Using any other mainboards in replace of our test system would comprise four steps.
There are several other hardware issues of interest which are not yet addressed by our efforts.
The first of these is USB support. There are several projects which would benefit greatly from a small open source USB stack. As PS/2 ports have been considered legacy devices for several years now and motherboards are now being sold to consumers which do not feature PS/2 ports at all, the need for simple USB Human Interface Device (HID) support as well as generic USB Storage support has become apparent.
SMP support has not yet been explored. However, LinuxBIOS itself supports SMP on many motherboards, and SMP support has been integrated into Bochs and Bochs BIOS. We expect the integration of the two to be trivial.
While open source operating systems on the PC have flourished, the same can not be said for the firmware or BIOS. The reasons for this are many, but the lack of an open source and general purpose BIOS has limited innovation in an important space of the personal computer.
The open source stackable BIOS, described in this paper, eliminates the proprietary BIOS from numerous motherboards, and as a result, a number of new projects can be started within the BIOS space. For example, low level cryptographic support can now be easily added for strong pre-boot authentication, secure remote console support, and secure configuration management are just some of the possible new efforts that can be started now that a general purpose open source BIOS exists.
Instructions for obtaining the source code for this project is located at http://www.missl.cs.umd.edu/Projects/sebos/main.shtml
Research at the University of Maryland on this project was funded in part by the Composable High Assurance Trusted Systems Program at DARPA via AFRL/IF-NY contract F30602-01-2-0535
Research conducted in the Cluster Research Lab at the Los Alamos National Labs was funded in part by the Mathematical Information and Computer Sciences (MICS) Program of the DOE Office of Science and the Los Alamos Computer Science Institute (ASCI Institutes).
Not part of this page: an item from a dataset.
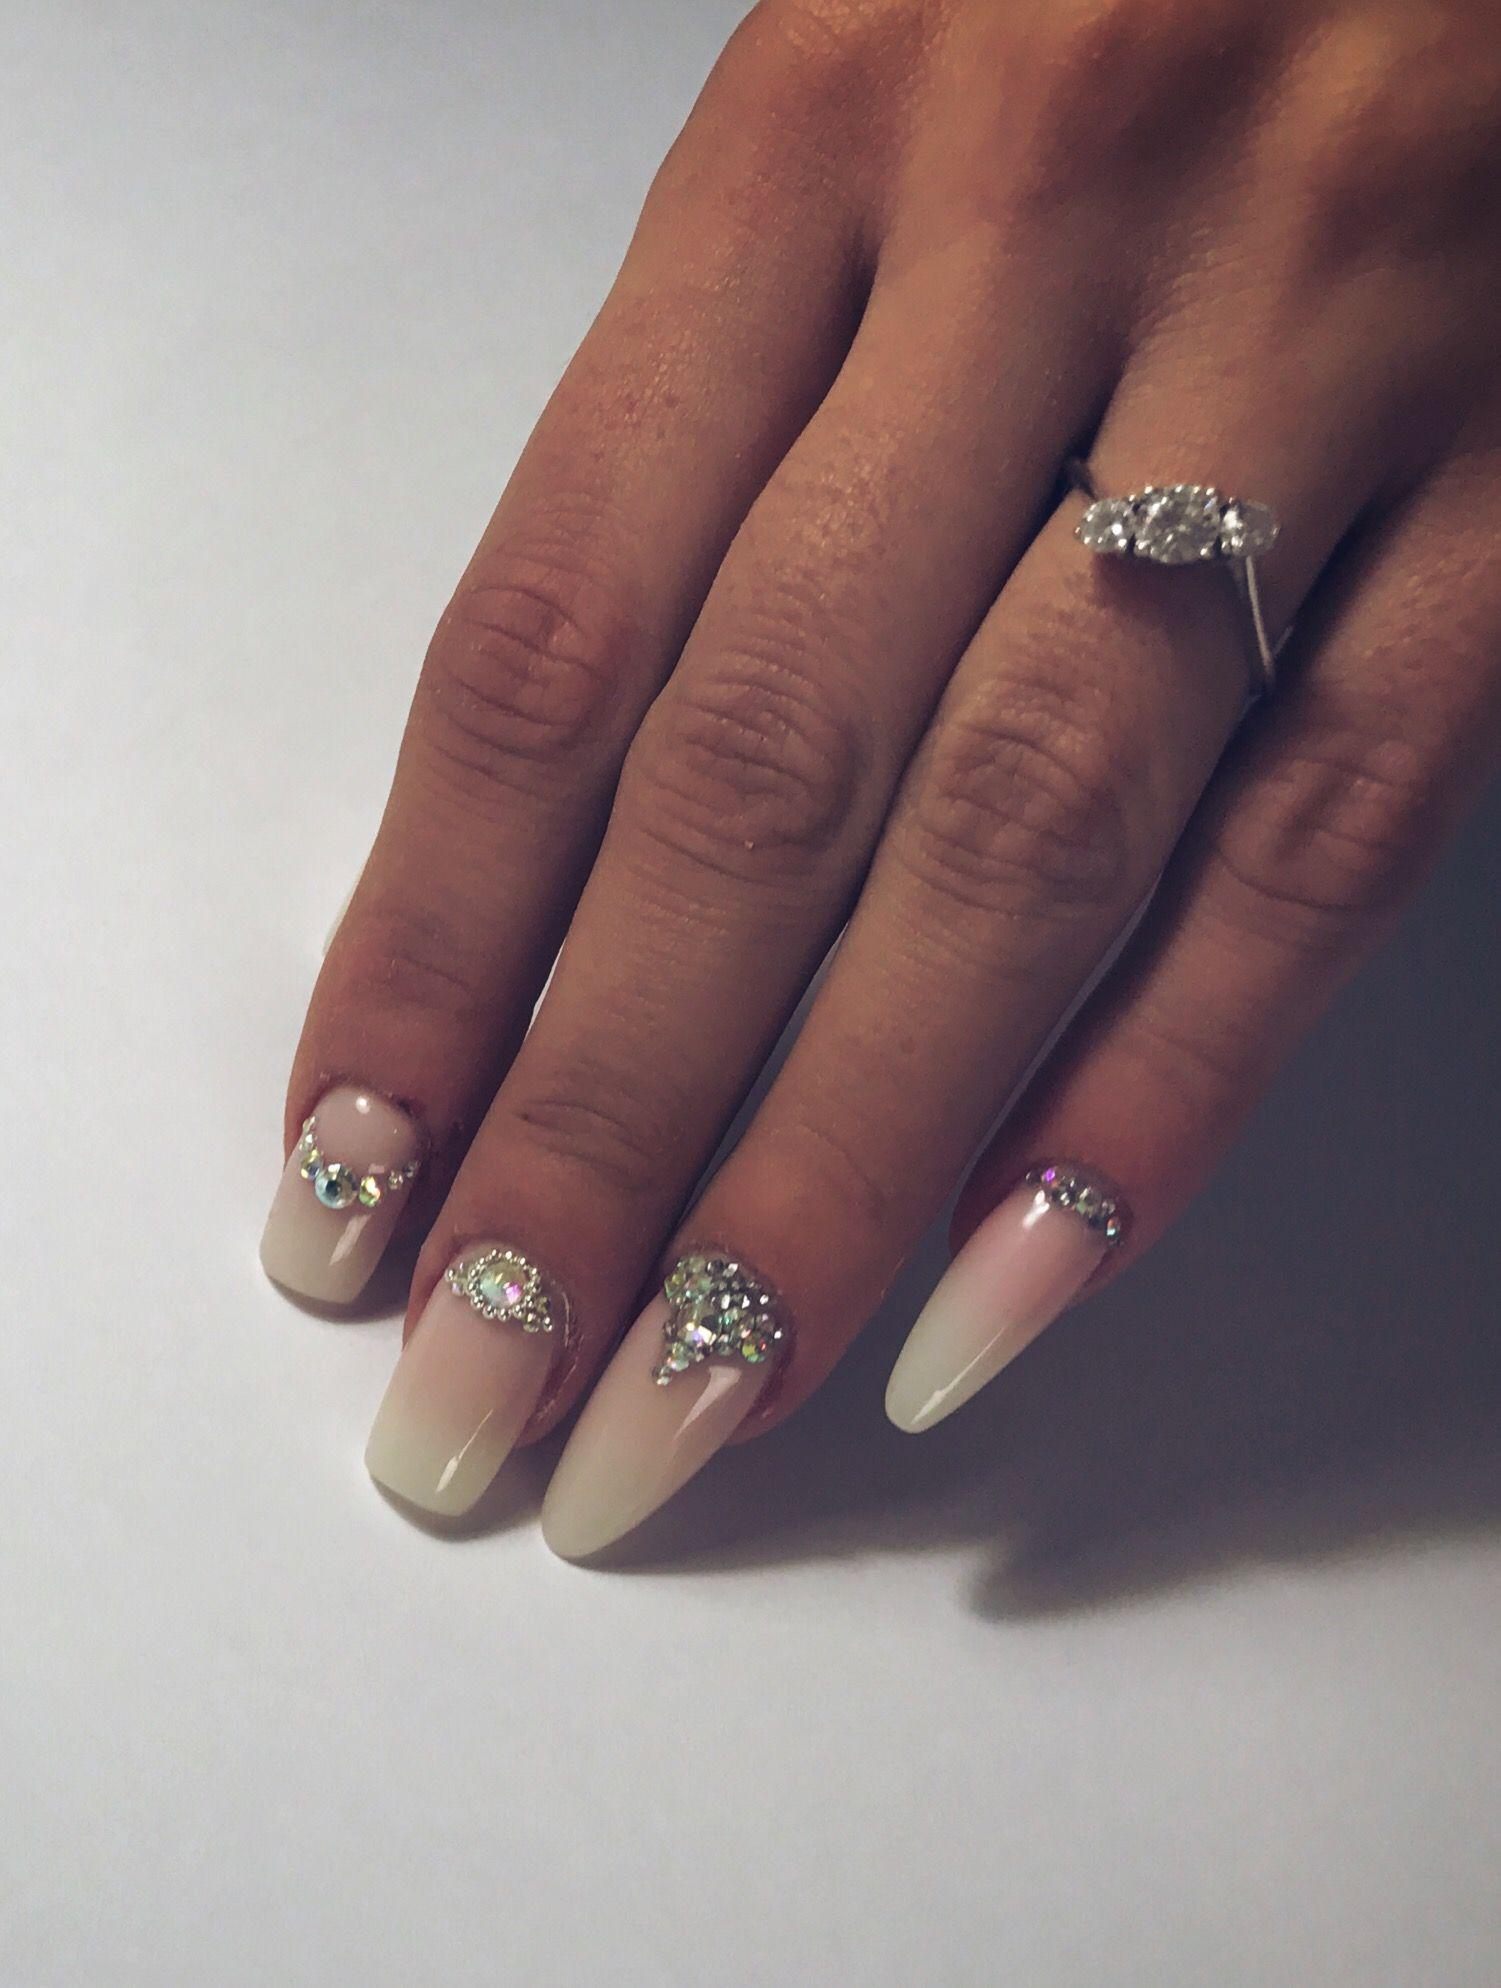 Baby #Boomer #Nails #Swarovski   Nails   Pinterest

Los Alamos National Laboratory is operated by the University of California for the National Nuclear Security Administration of the United States Department of Energy under contract W-7405-ENG-36. Los Alamos, NM 87545 LANL LA-UR-03-2137.
We would like to thank the following people for their hard work, suggestions, and encouragement.
The bochs developers have been an invaluable and helpful group, especially Christopher Bothamy.
We would also like to extend a special thank you to the LinuxBIOS developers, of whom Eric Biederman and Ollie Lho were especially helpful.
The guidance and suggestions of Pascal Dornier and David Sankel made sure that we overcame hurdles swiftly and easily in bringing all of this work together.